On Fri, Mar 25, 2016 at 1:52 PM, Stack <st...@duboce.net> wrote:

> Thanks Talat... I shoved some comments up in it but looks basically sound.
> Thanks for sending it in.
> St.Ack
>
> On Fri, Mar 25, 2016 at 11:09 AM, Talat Uyarer <ta...@uyarer.com> wrote:
>
>> Hi all,
>>
>> I created my GSoC proposal for Block Encoding and Compression for RPC
>> Layer[1]. If you review and share your comments I will be appreciated.
>>
>> [1]
>> https://docs.google.com/document/d/10MEsmGN5UCh6m-de_nhIG5QYnDRTkmwBTLQ0CRmwOMk/edit?usp=sharing
>> [2] https://issues.apache.org/jira/browse/HBASE-15530
>>
>> Thanks
>>
>> On Tue, Mar 22, 2016 at 6:44 PM, Talat Uyarer <ta...@uyarer.com> wrote:
>> > Hi,
>> >
>> > I am appreciated to being mentor Stack :) As I know as ASF already
>> > participate and you can sign up. [1] last year I was a mentor. I just
>> > send an email to private and mentors@community.apache.org. Would you
>> > like to check it ?
>> >
>> > [1]
>> https://community.apache.org/gsoc.html#prospective-asf-mentors-read-this
>> >
>> > 2016-03-22 17:32 GMT-07:00 Enis Söztutar <en...@gmail.com>:
>> >>>
>> >>> I didn't sign up for GSOC Talat. Not sure anyone else did either. Is
>> it too
>> >>> late for us to participate now?
>> >>>
>> >>>
>> >> ASF participates in GSOC, so HBase automatically can participate AFAIK.
>> >>
>> >>
>> >>> I'd mentor you (it'd be easy-peasy -- smile) but I think I've missed
>> the
>> >>> mentor signup deadline.
>> >>>
>> >>
>> >> I did not check the deadline, if that is the case, it means this year
>> is
>> >> over?
>> >>
>> >> Your list is pretty good. We can POC with Capt'n proto as well as grpc.
>> >>
>> >>
>> >>>
>> >>>
>> >>> > BTW I talked with Enis Soztutar. He offered some topics for GSoC.
>> These
>> >>> > are:
>> >>> > - He mentioned The Data blocks are stored as PREFIX, FAST_DIFF, etc.
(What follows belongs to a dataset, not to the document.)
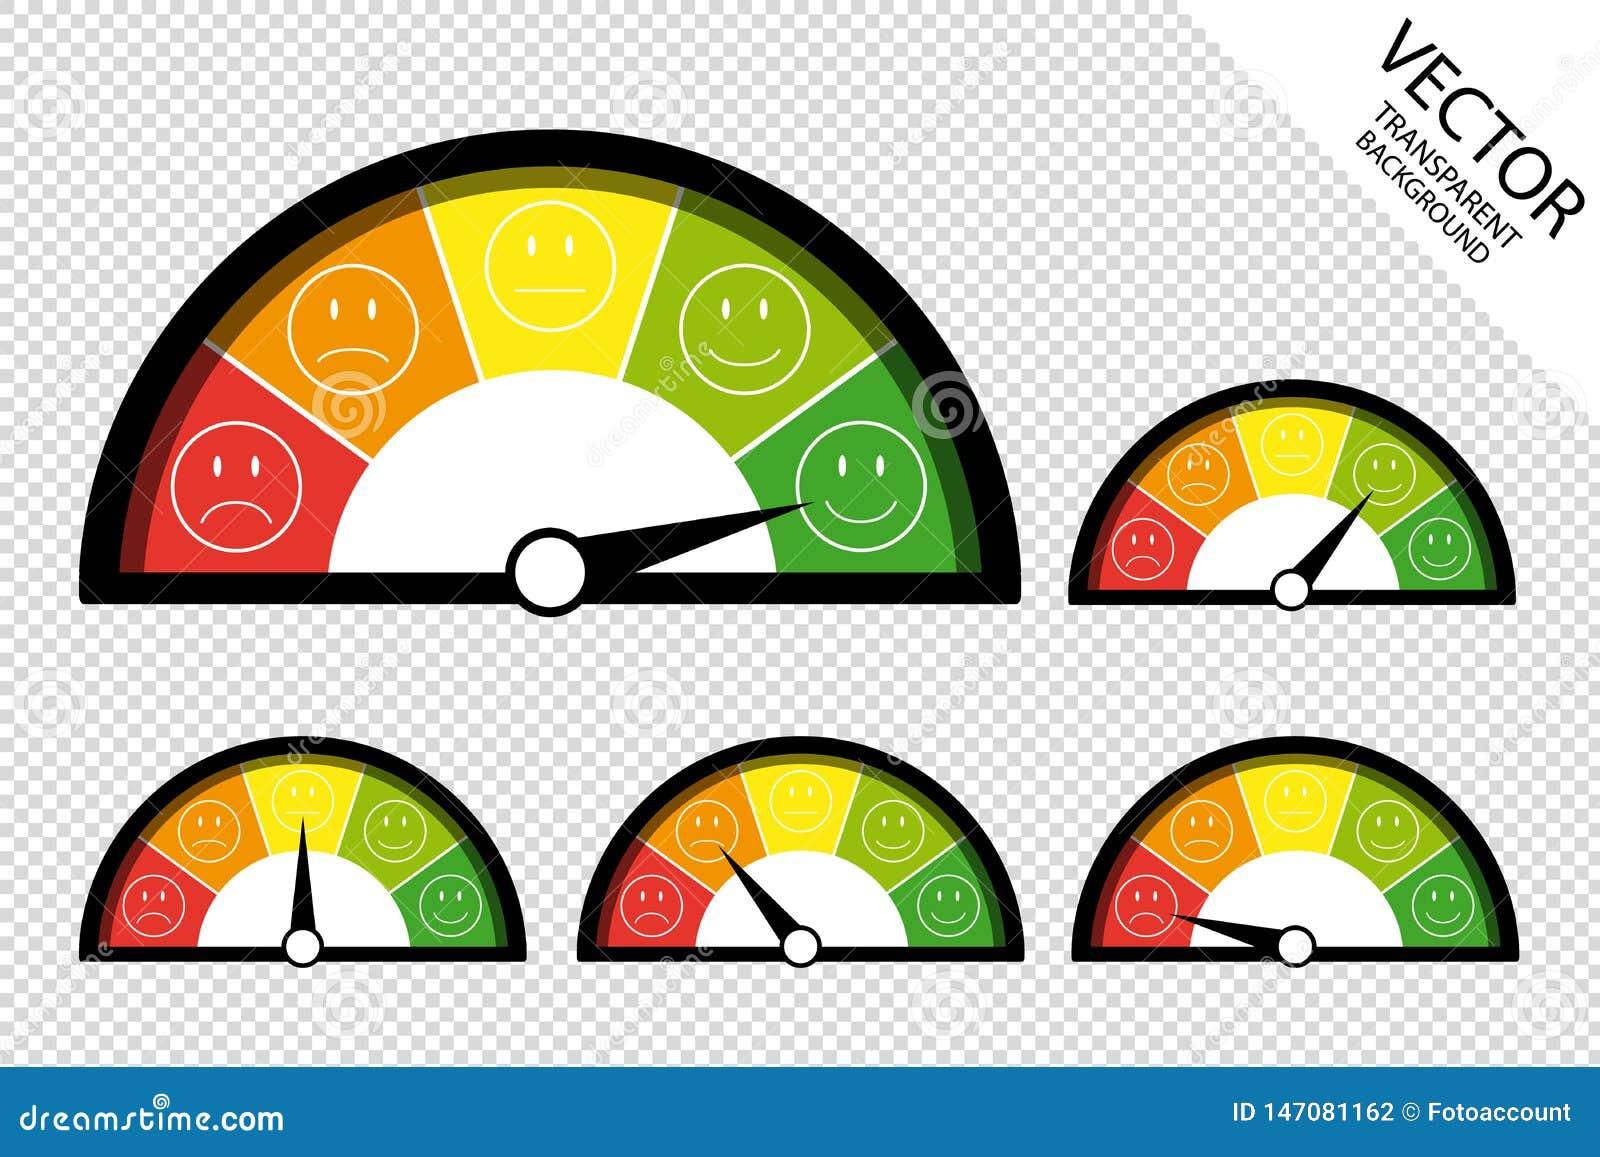 Informacje zwrotne szybkościomierz, zadowolenie klienta metr, produkt oceny ikony - Wektorowa ilustracja Odizolowywająca Na Przej
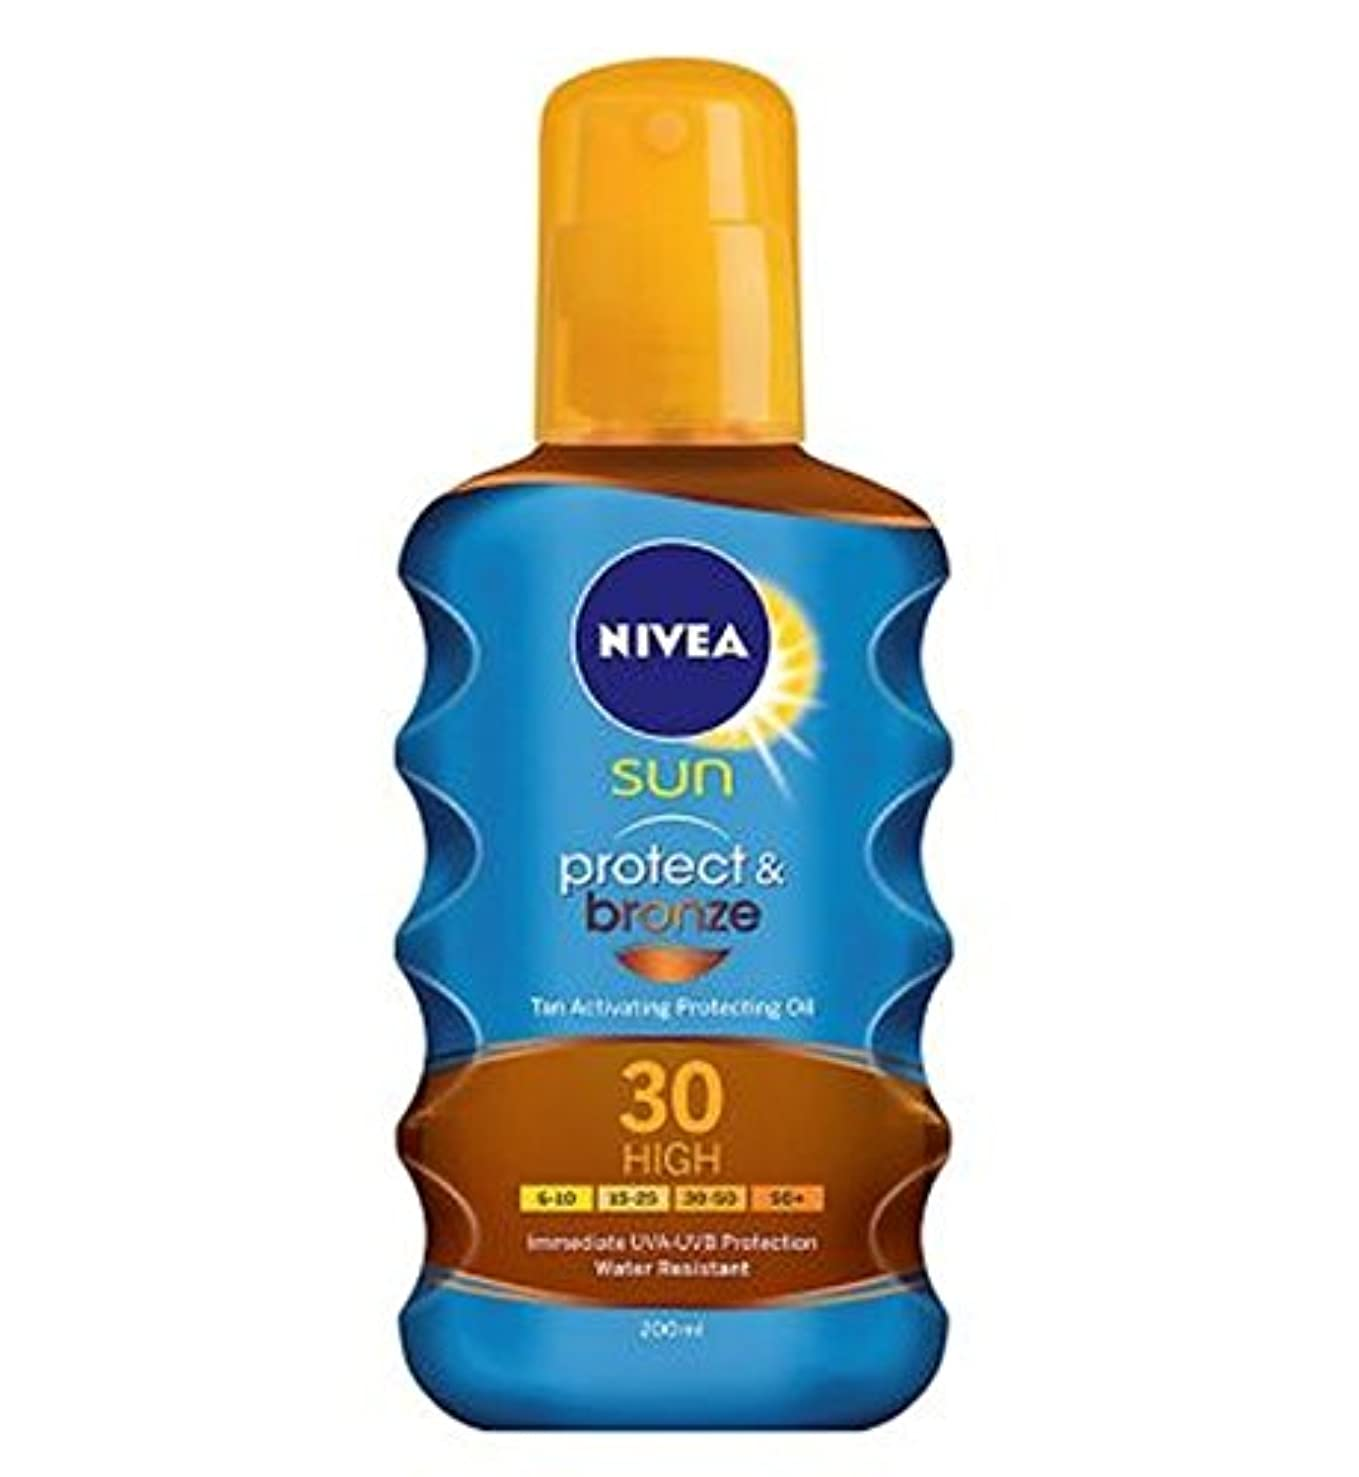 推進、動かすバック愛国的なNivea Sun protect and bronze tan activating protecting oil spf 30 200ml - ニベアの日は、保護し、オイルSpf 30 200ミリリットルを保護ブロンズ...

>> >>> > encoding. But these encodings just can use in HFile context. In RPC
>> >>> > and WAL we use KeyValueEncoding for Cell Blocks. He told "You can
>> >>> > improve them or using HFile encodings in RPC and WAL" ( He didn't
>> say
>> >>> > the issue number But I guessed it is HBASE-12883 Support block
>> >>> > encoding based on knowing set of column qualifiers up front)
>> >>> >
>> >>>
>> >>> Sounds like a fine project (Someone was just asking about this
>> offline...)
>> >>>
>> >>>
>> >>>
>> >>> > - HBASE-14379 Replication V2
>> >>> > - HBASE-8691 High-Throughput Streaming Scan API
>> >>> > - HBASE-3529 Native Solr Indexer for HBase(He just mentioned HBase
>> ->
>> >>> > SOLR indexing. I guess it could be this issue.)
>> >>> >
>> >>> > Could you help me for selecting topics or could you offer another
>> issue ?
>> >>> >
>> >>> >
>> >>> All above are good.
>> >>>
>> >>> Here's a few others made for another context:
>> >>>
>> >>> + Become Jepsen distributed systems test tool expert: run it against
>> HBase
>> >>> and HDFS. Analyze results. E.g. see
>> >>>
>> https://www.datastax.com/dev/blog/testing-apache-cassandra-with-jepsen
>> >>> + Deep dive on hbase Compactions. Own it. Review current options both
>> the
>> >>> defaults, experimental, and the stale. Build tooling and surface
>> metrics
>> >>> that give better insight on effectiveness of compaction mechanics and
>> >>> policies. Develop tunings and alternate, new policies. For further
>> credit,
>> >>> develop master-orchestrated compaction algorithm.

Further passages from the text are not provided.